WHAT YOU ARE ASKED TO DO: Copy the lines below exactly, starting at the one with "Jardin du luxembourg" and ending at the one with "ManagingOsteoarthritis-Slider", and leave out any picture.

RECORDS PROVIDED:

---

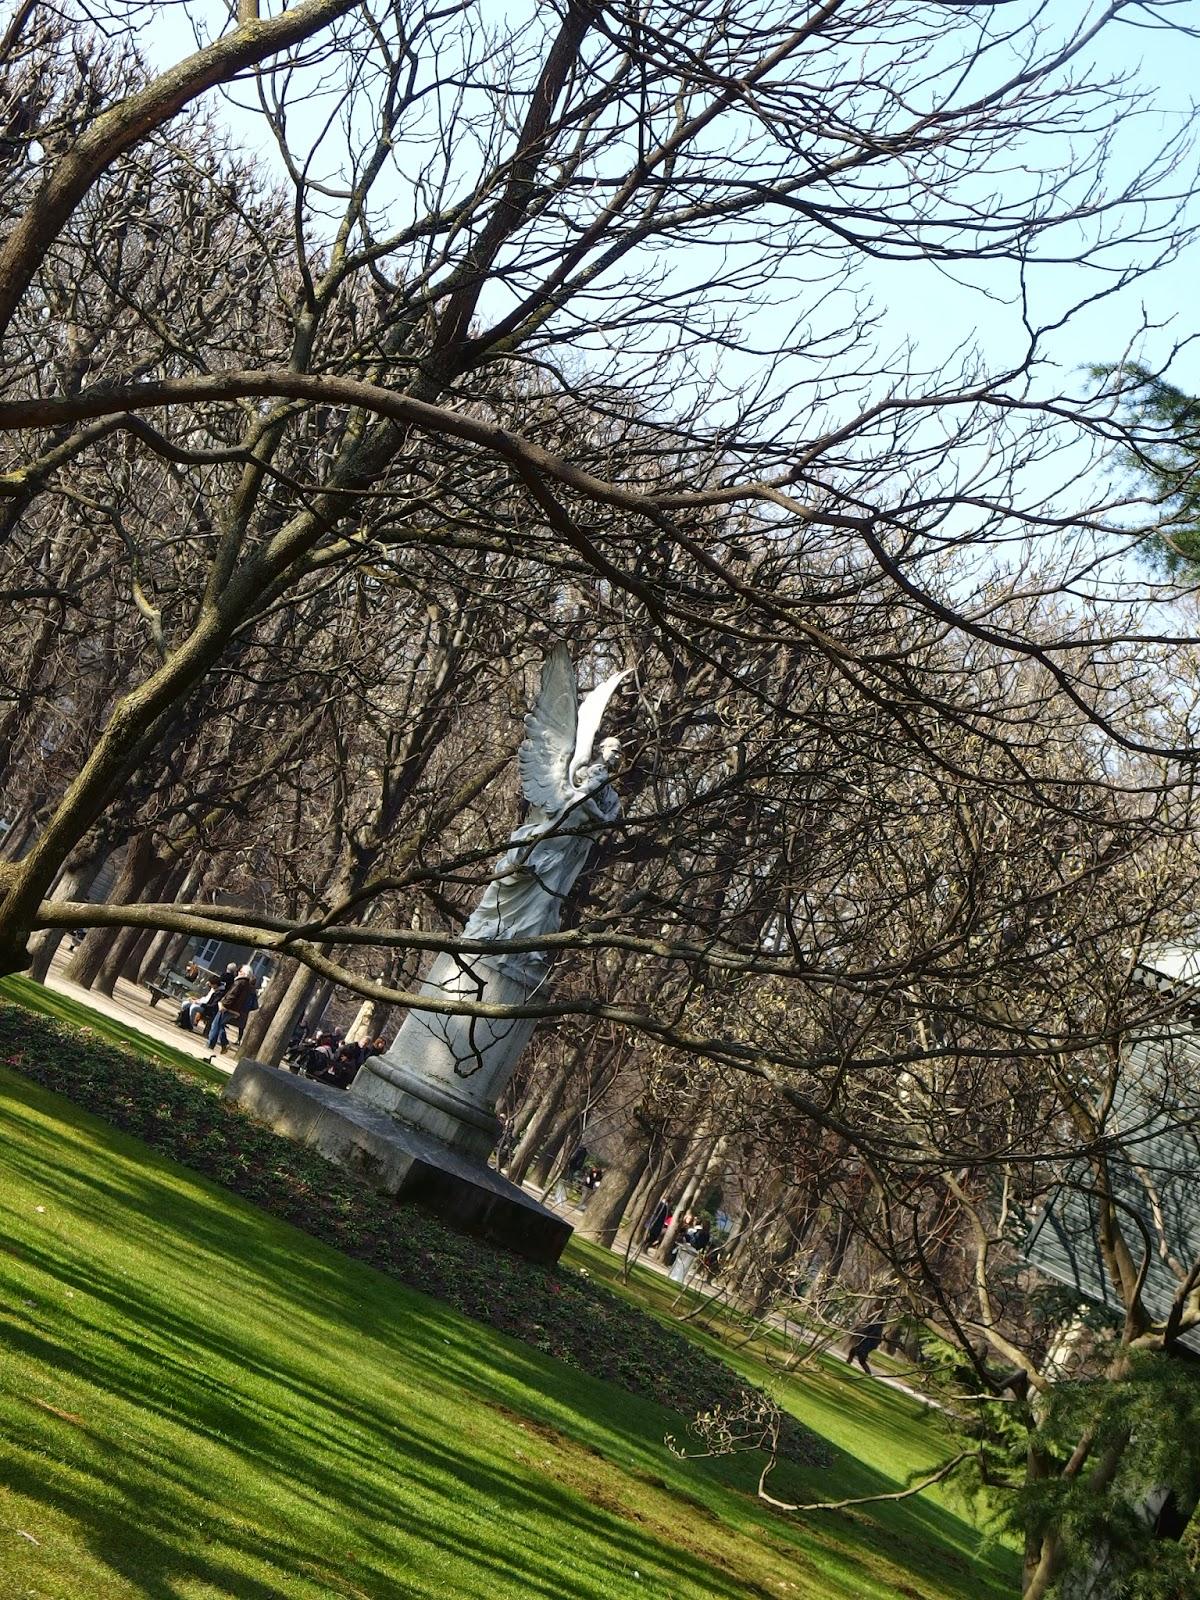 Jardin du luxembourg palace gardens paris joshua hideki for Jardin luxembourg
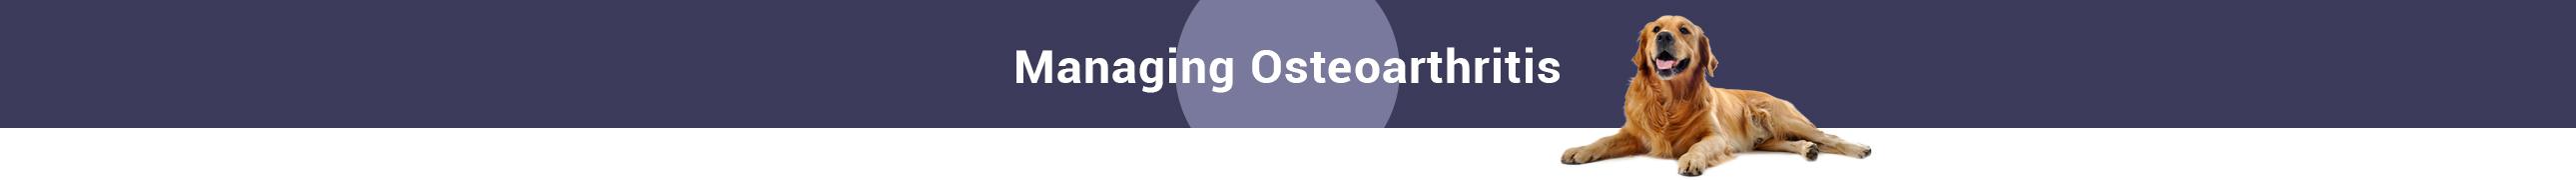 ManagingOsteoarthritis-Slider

---

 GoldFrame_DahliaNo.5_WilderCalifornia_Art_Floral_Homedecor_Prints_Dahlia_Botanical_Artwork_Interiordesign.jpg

---

RESULT:
 Jardin du luxembourg palace gardens paris joshua hideki for Jardin luxembourg
 ManagingOsteoarthritis-Slider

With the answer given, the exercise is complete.